Boner killer. Dick dropper. Stiffy stifler. (OK, I made that one up.) Men have a lot of terms for what happens to your manhood for all the things we women do that are supposedly turn-offs.
For example, you don't want to see me try to put on a pair of tights. Stockings with garters? I'm the hotness as I unfurl them over my thighs. Tights? Even if the end result is cute, and are just a battle of strange positions and odd grunts, none of them remotely sexual, I will never let a man I want to bone witness me putting on tights.
But guess what? There are things you do that aren't so hot, either. In fact, some things you do make our vaginas die. Just die. Like a voluntary, I-would-rather-be-dead-than-ever-again-make-a-funhouse-for-your-penis kind of thing. (Even if we love that penis.)
Here are a few of mine:
1. They quote their mom.
I might like her, but the second you start a sentence with "My mom said..." as any kind of authoritative statement, my lady parts wilt like a tired (though once-spectacular) flower.
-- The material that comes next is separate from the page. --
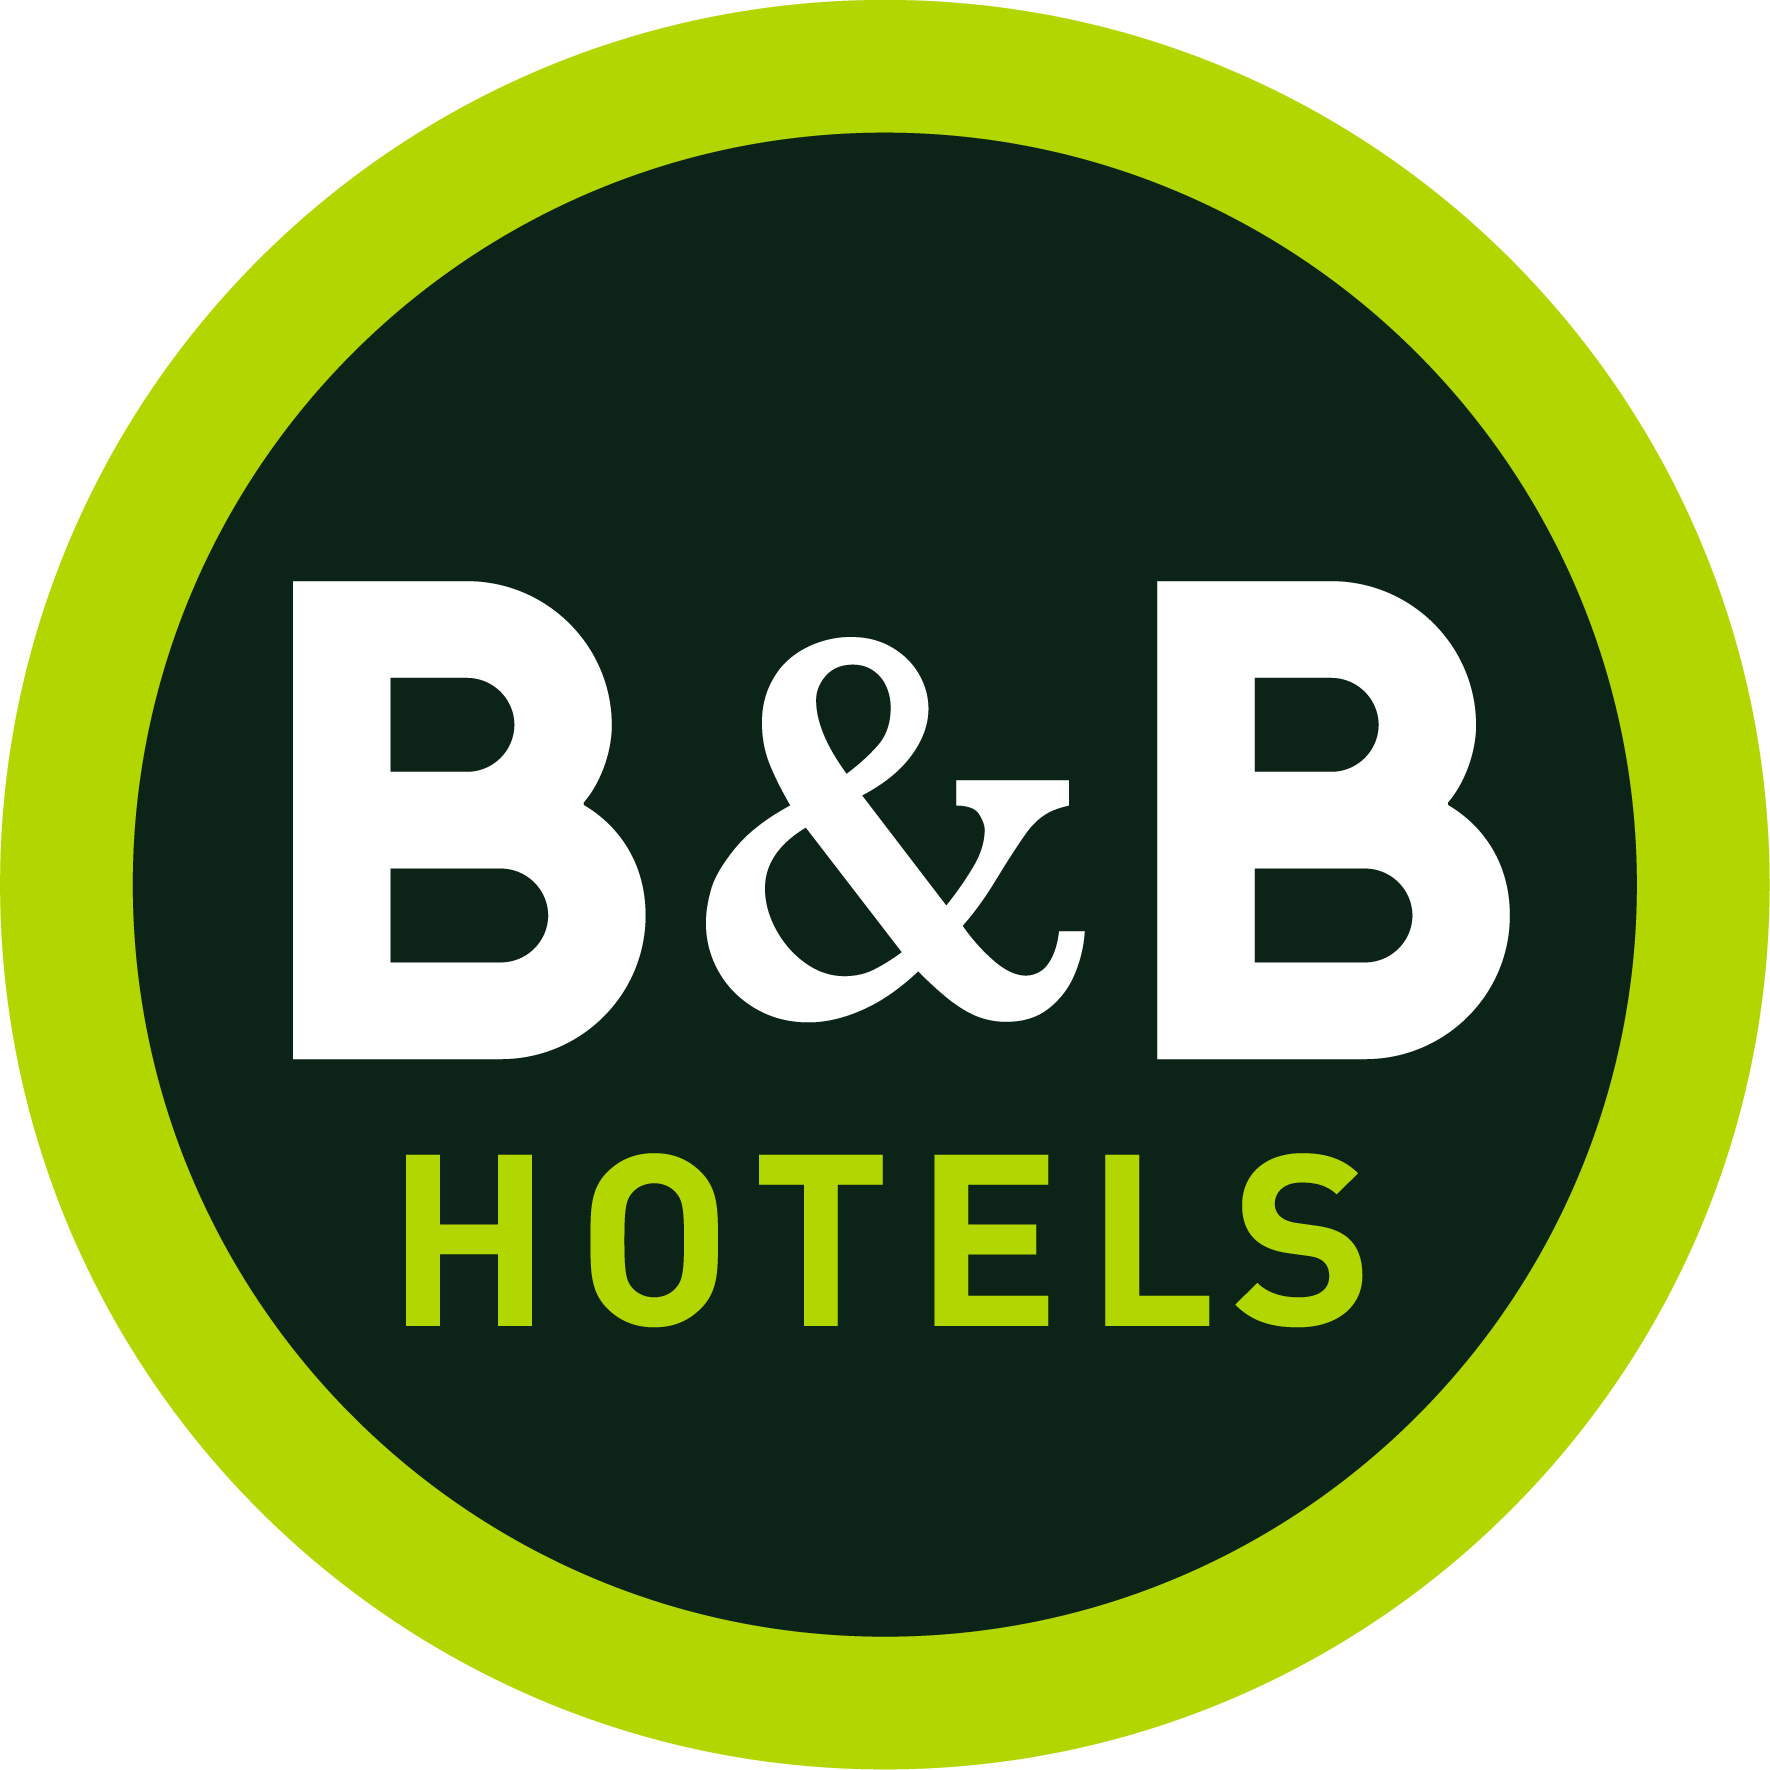 B&B HOTEL Toulouse Cité de l'Espace Hurel - Hotel - Toulouse - 0 892 23 37 83 France | ShowMeLocal.com

2. They let me win all the time.
I'm not a three-year-old playing Candyland; I'm a grown-ass woman who likes the frisson offered by a good argument, and your stubbornness and occasional bullheaded-ness. It's hot. Maybe someone out there wants a milquetoast but I much prefer an everything bagel.
3. They don't know when to let me win.
Fine, I'm a complicated bitch and sometimes you need to know that when you ask Siri to settle our argument about whether it's Istanbul or Constantinople, it's lame. Sometimes, you must know when to give it up if you ever want me to give it up again.
4. They sign their emails like a middle school girl.
I once had a crush who signed an email "toodles." Note I said, I once had a crush. Toodles, libido and vaginal wetness!
5. Their failure to decide leaves me starving — literally.
If I ask you what should we eat, it means that I want you to decide. Because if I knew I wanted Thai, you can be damn sure I would've told you. Feed me, maybe even order for me. The way to my heart, and probably into my pants, is through my stomach. (Just don't overdo it — bloated sex isn't a good look for me.)
6. They're way too cutesy.
If you can tell me a dirty story in emoji, well, we might have something. (Probably sex.) But if you have hearts and stars and dancing ladies everywhere without an erotic through line, all my lips are sealed ... and not around any of your key parts.
7. They offer too much commentary on my outfit.
You're not Tim Gunn. Tim Gunn is a gorgeous gay angel and can talk about my ensemble with specificity and authority. You're just a guy — a guy I usually want to bang until you say, "Oh, I love the way the gold thread in that scarf picks up the one in your tweed mini." I want guttural noises, and at most a "God, you look hot." Save your sartorial commentary for when I want you to rag on some other girl's outfit.
8. Their cleanliness is creepy.
You can pick up your socks, but if you fold them or iron your jeans, it's creepy. And if you're evaluating my cleaning skills, forget it. Say you comment that something needs a good dusting. Well, the next thing to collect dust will be your dick because it's staying right where it is.
9. They like me a little too much.
Yeah, we women are f*cking horrible. We want you to like us, we do, but the second you're overly showy with your devotion, we find you kind of sad. It's a tough dance we make you do, but it's more likely to turn into the forbidden one if you don't overdo the outright admiration.